The Mariner Approach

We, like Coleridge, need to find a confessional voice and share it in whatever medium is readily available, even if that is a face to face conversation—or a poem.

The former fishing boat captain who led my trip to the Channel Islands teaches visitors about the importance of protecting the animals he once overfished. “In some way, I am making up for all that taking and waste,” he told me. “If I can educate people on the rides out and back about the need to support this fishery by being careful to use what they might catch or to leave it all alone, letting it take its time to replenish, then perhaps I’ve made up a bit for too much waste.” But when I asked him whether he’s considered sharing his own story with visitors, he replied, “No I haven’t. They didn’t come for that.”

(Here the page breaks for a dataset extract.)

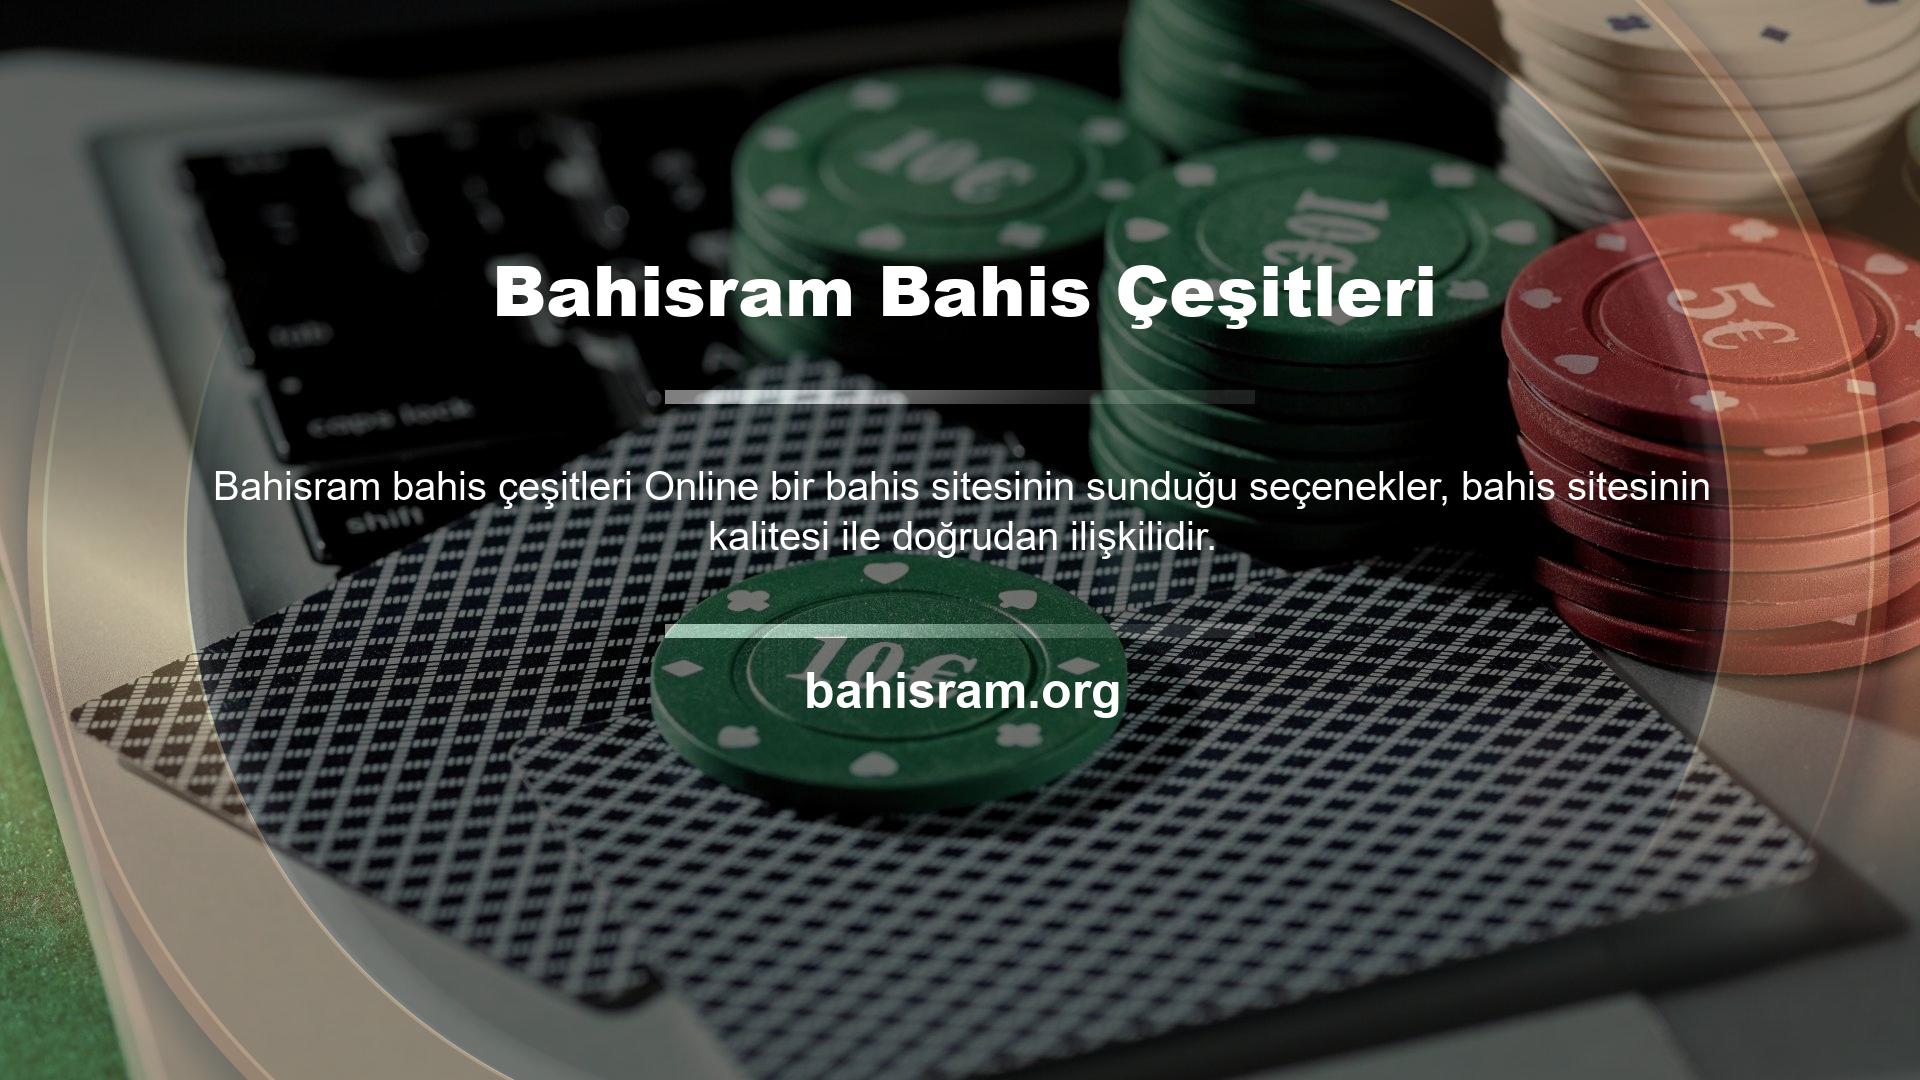 Bu konuda Bahisram web sitesi de çeşitli bahis seçenekleri sunmaktadır

The need for environmental action is too pressing for us to wait any longer for an audience to come to us for our confessions. These stories are the missing element in society’s disregard of the analysis and warnings of scientists, ethicists, and humanists alike about our biocidal mania. If we all reach out and share our stories using whichever platform works for each of us, we can learn from each other and usher in a new age of environmental awareness, concern, and action. The move from personal violation to personal responsibility and public discussion is the mariner’s story. It also should be our own.

Bibliography

  • Coleridge, S. T. 2005. “The Rime of the Ancient Mariner,” in Lyrical Ballads. New York, Routledge.
  • Kolbert, E. 2014. The Sixth Extinction: An Unnatural History. New York: Henry Holt and Company.
    • Leopold, A. 1949. A Sand County Almanac: And Sketches Here and There. New York: Oxford University Press.
    • Pollan, M. 1991. Second Nature: A Gardener’s Education. New York: Grove Press.
    • Sea World and the Humane Society of the United States. 2016. Strengthening animal welfare and protecting oceans and marine animals, joint full-page statement of Sea World’s new mission. Los Angeles Times (March 31).